What to work on ->
Every entry below is to be returned unchanged. Images are not part of the copy.

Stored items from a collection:

^^^^^^^^

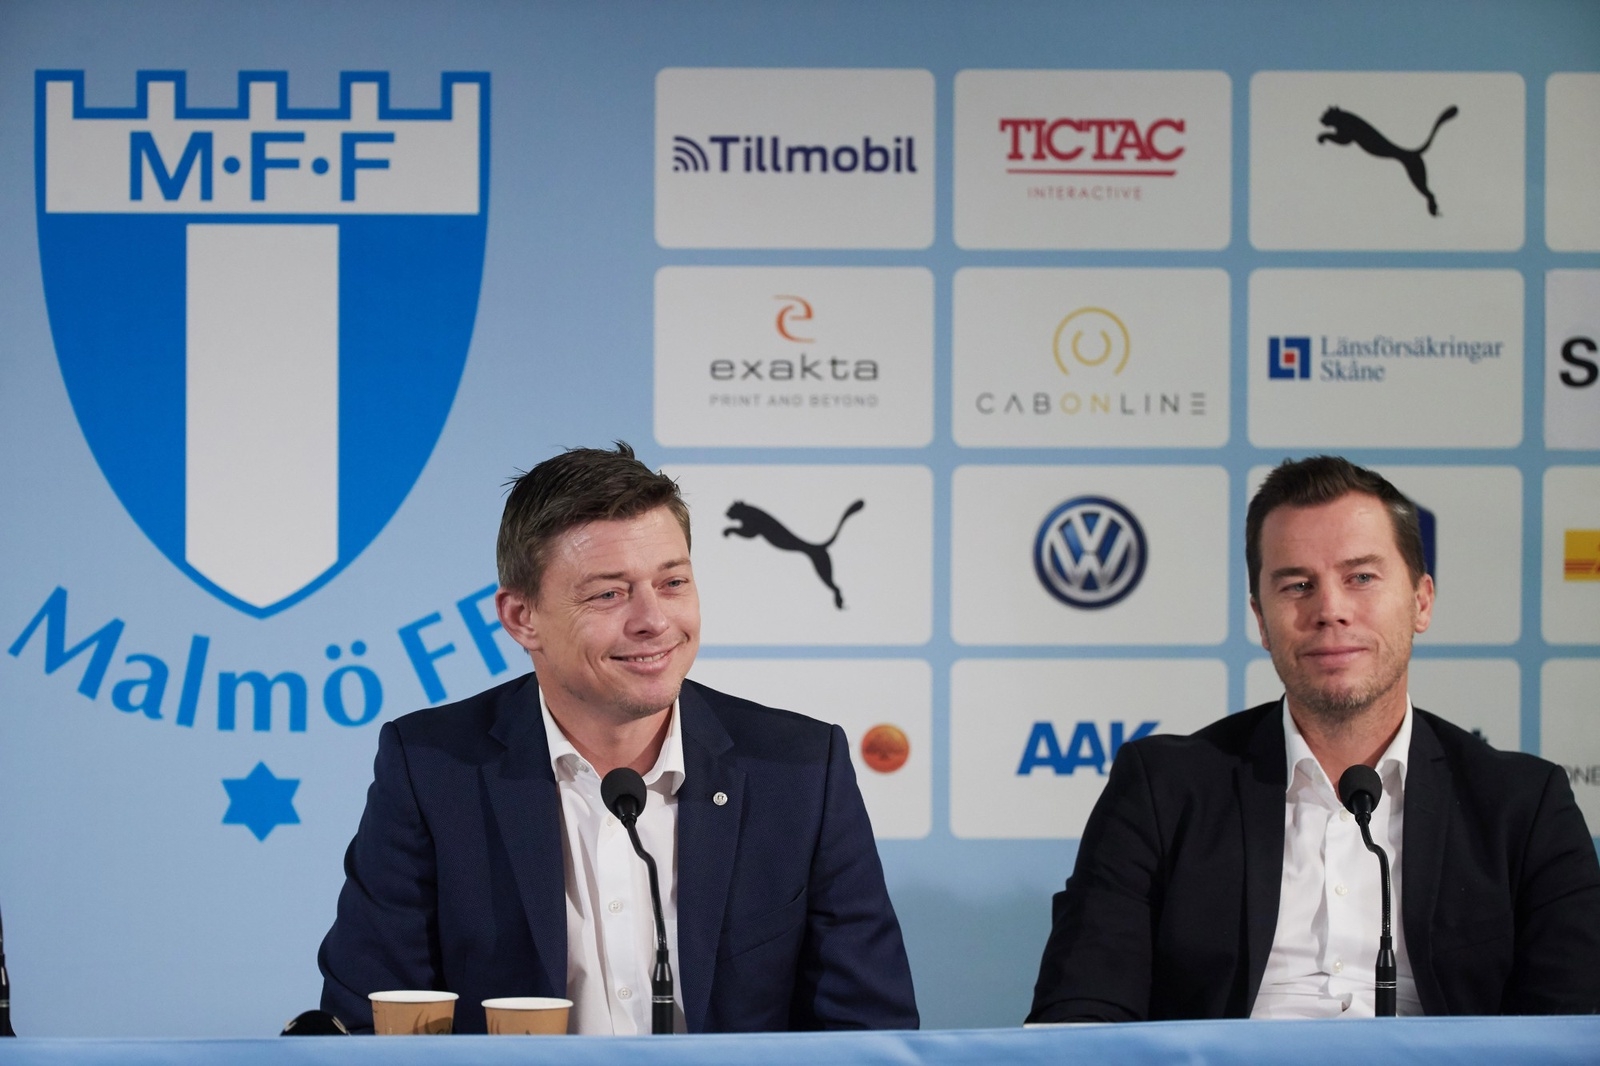 Dansken Jon Dahl Tomasson (tv) presenteras som ny tränare för Malmö FF vid en presskonferens på hemmaarenan Stadion. Här med MFF:s sportchef Daniel Andersson.
Foto Andreas Hillergren / TT
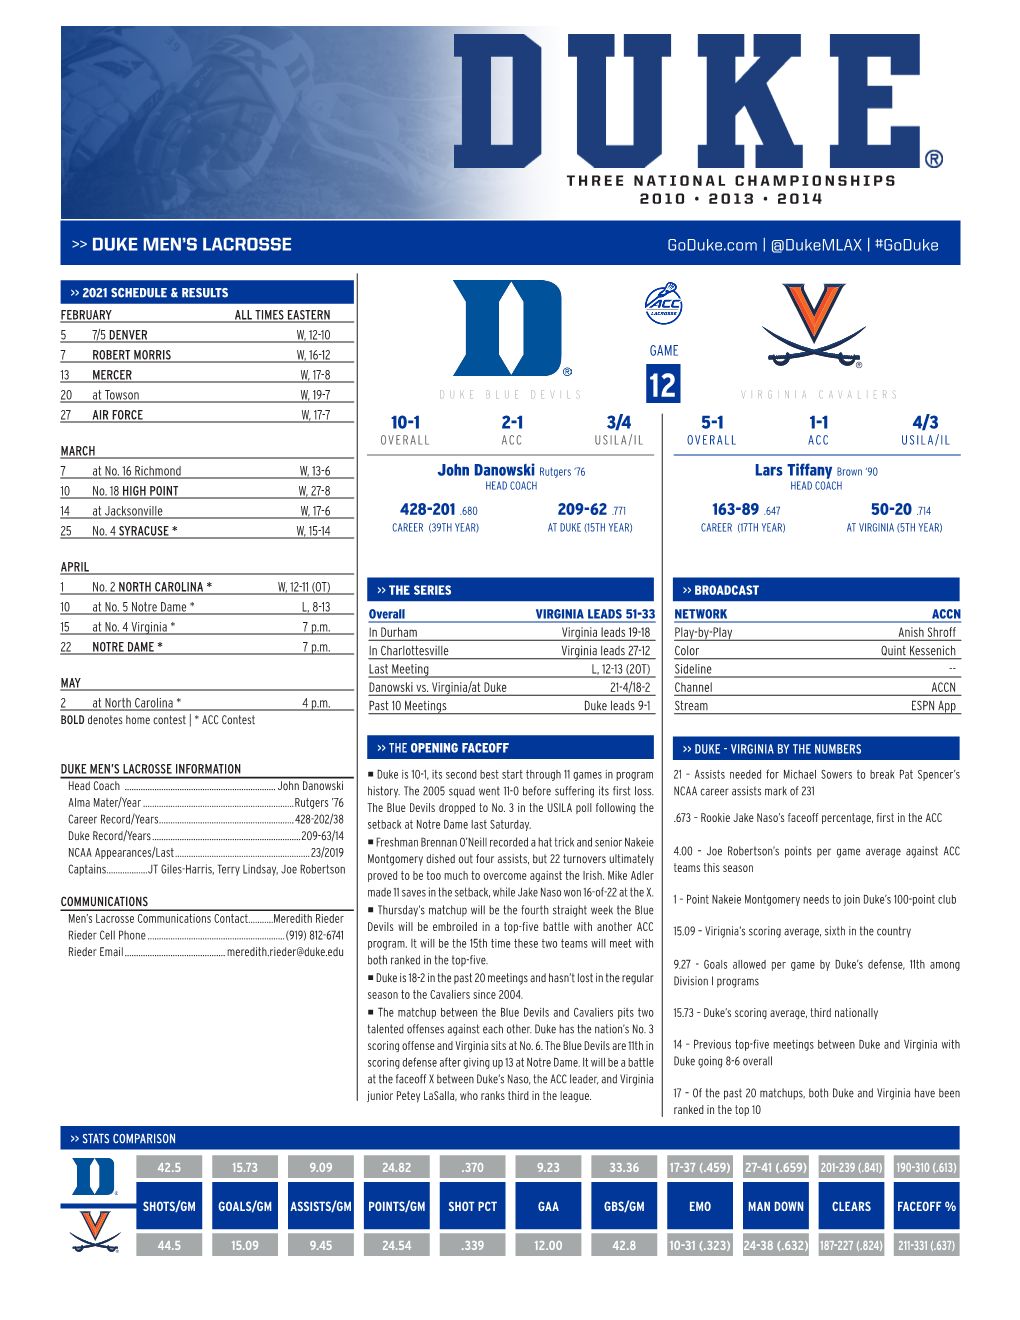 Duke Men's Lacrosse 10-1 2-1 3/4 5-1 1-1
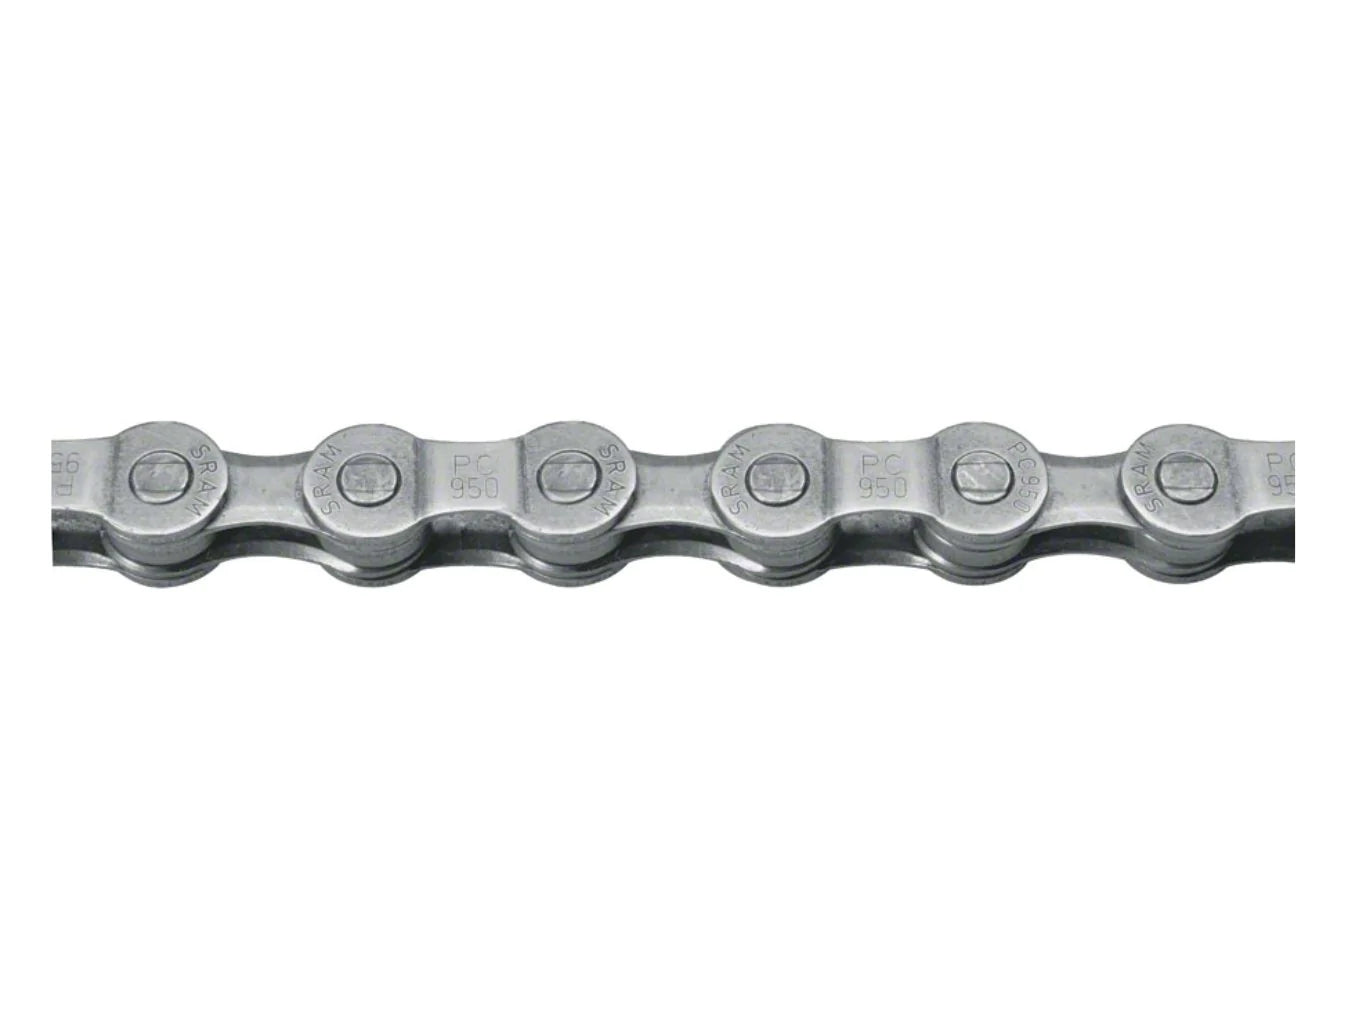 SRAM PC-951 Chain - 9-Speed, 114 Links, Gray
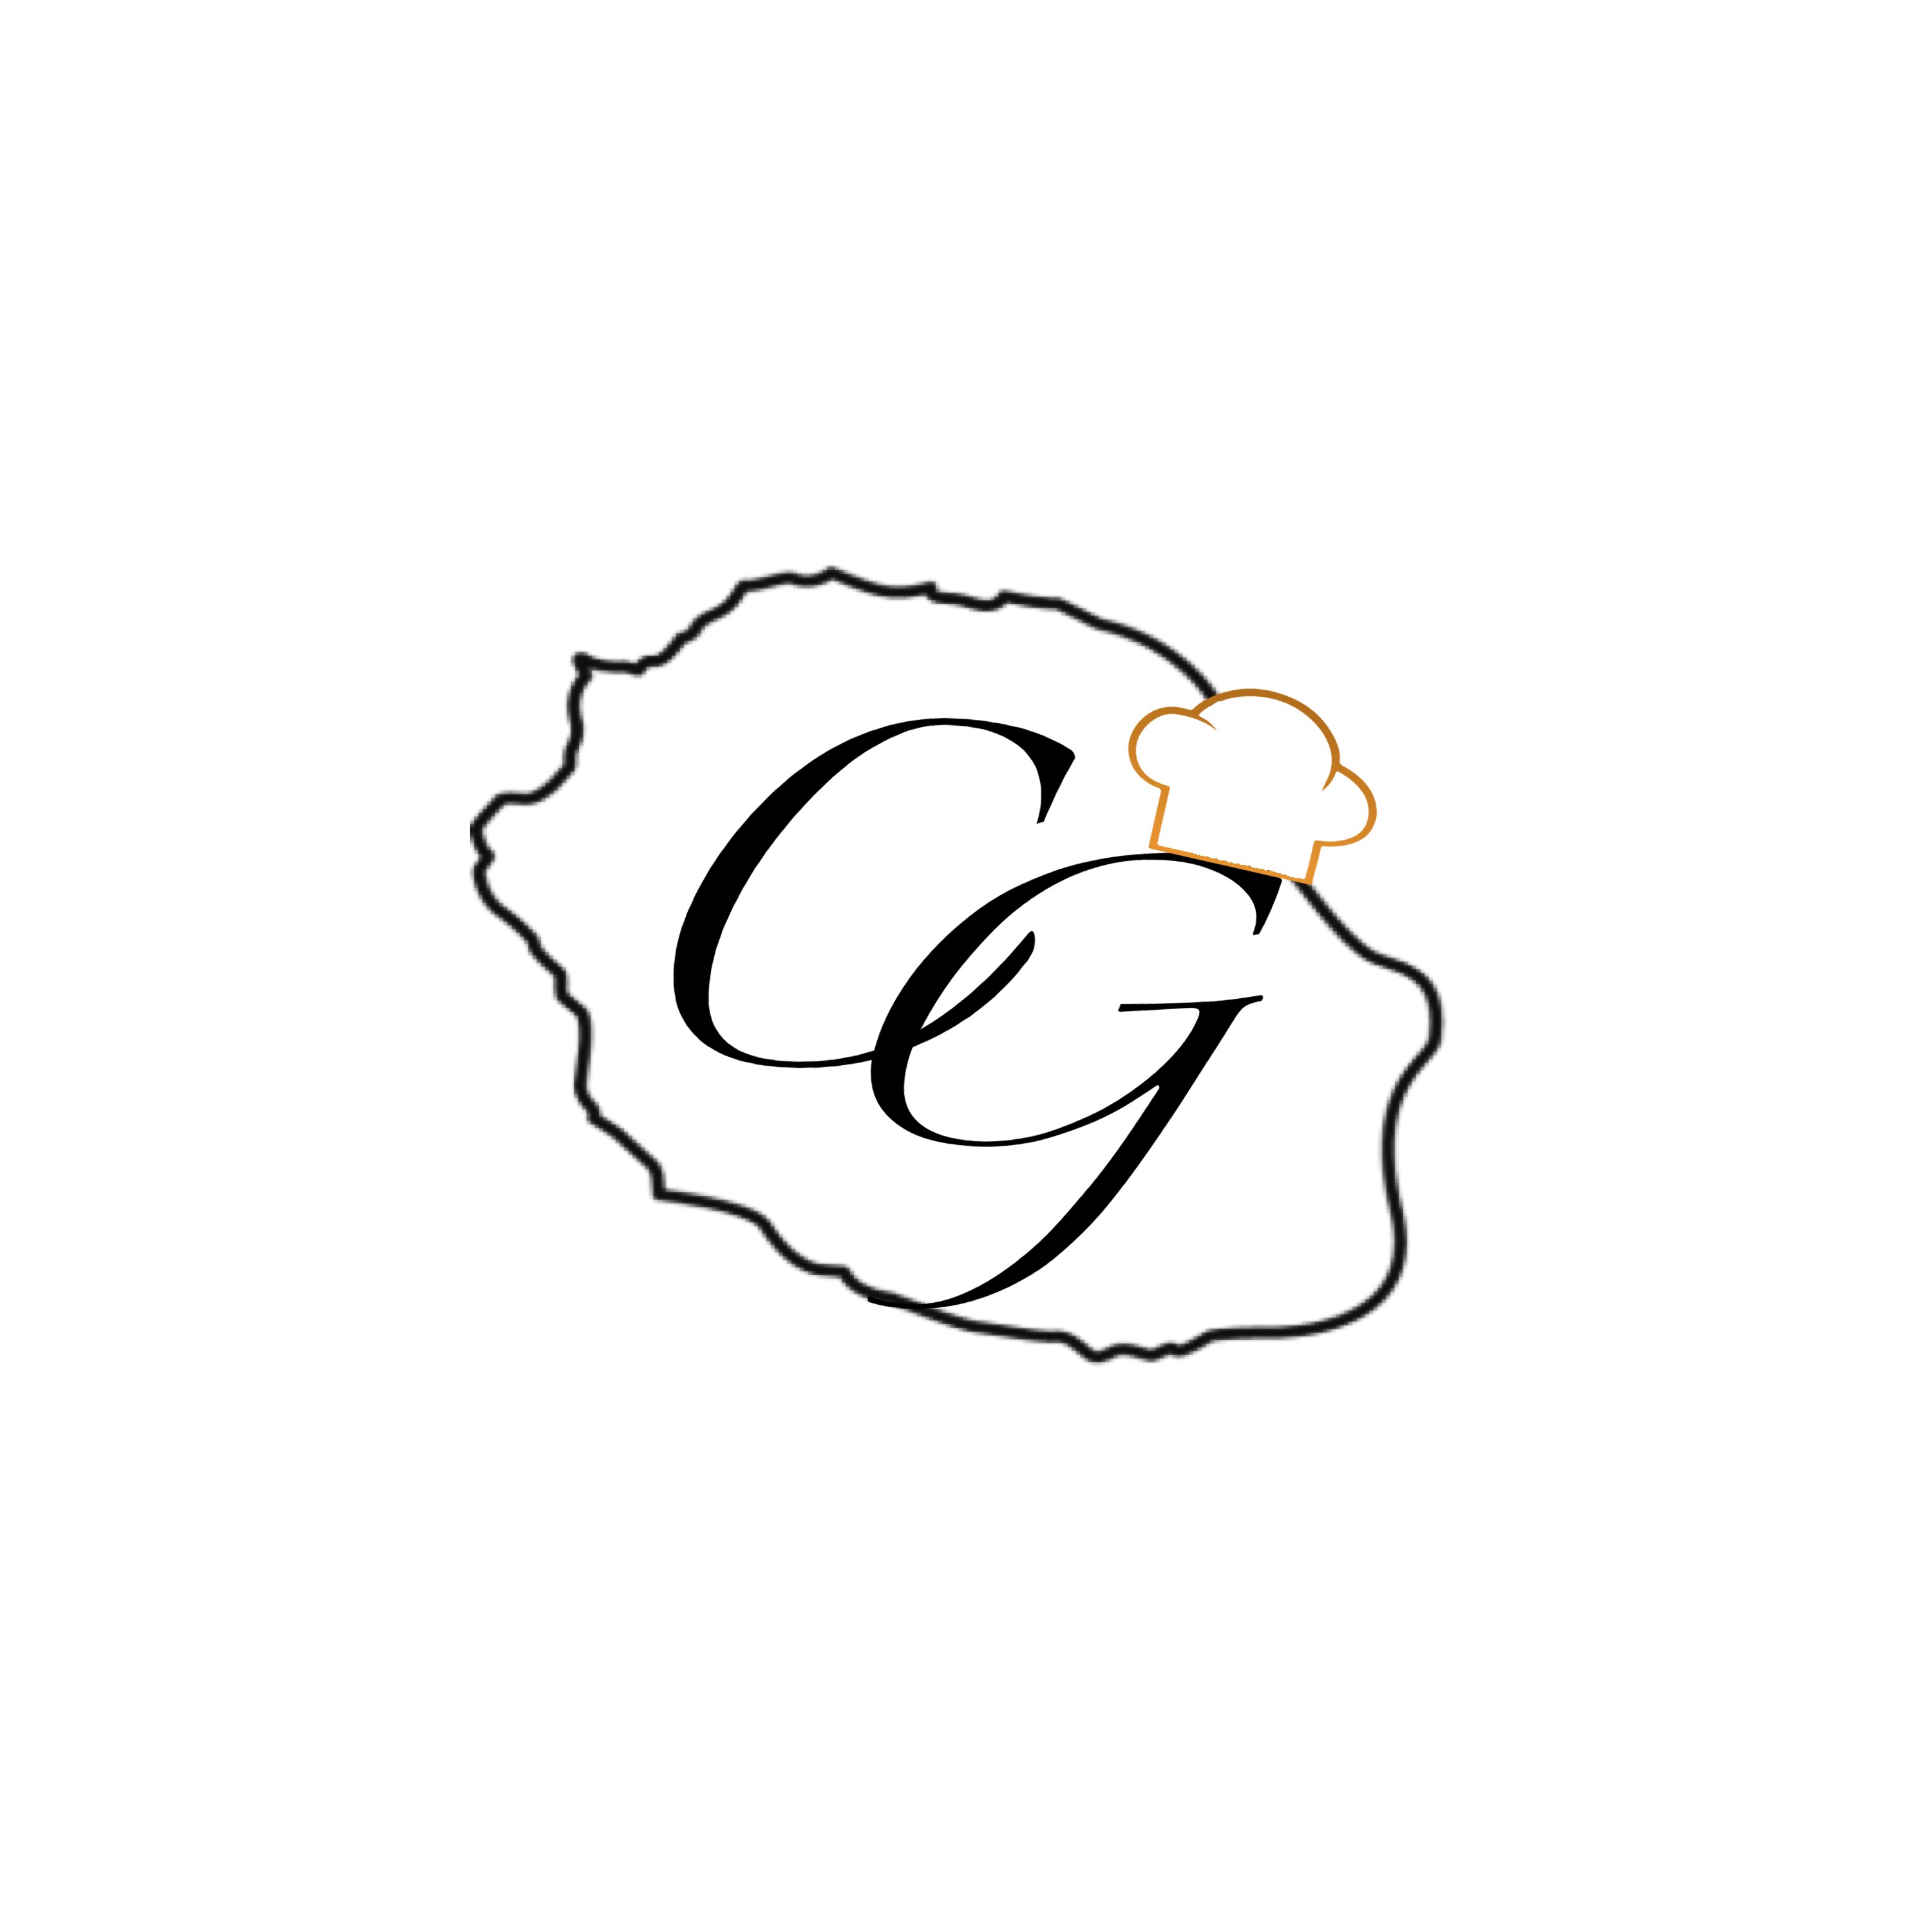 Le logo du Challenge Gastronomique

^^^^^^^^

Response ->
 Dansken Jon Dahl Tomasson (tv) presenteras som ny tränare för Malmö FF vid en presskonferens på hemmaarenan Stadion. Här med MFF:s sportchef Daniel Andersson.
Foto Andreas Hillergren / TT
 Duke Men's Lacrosse 10-1 2-1 3/4 5-1 1-1
 SRAM PC-951 Chain - 9-Speed, 114 Links, Gray
 Le logo du Challenge Gastronomique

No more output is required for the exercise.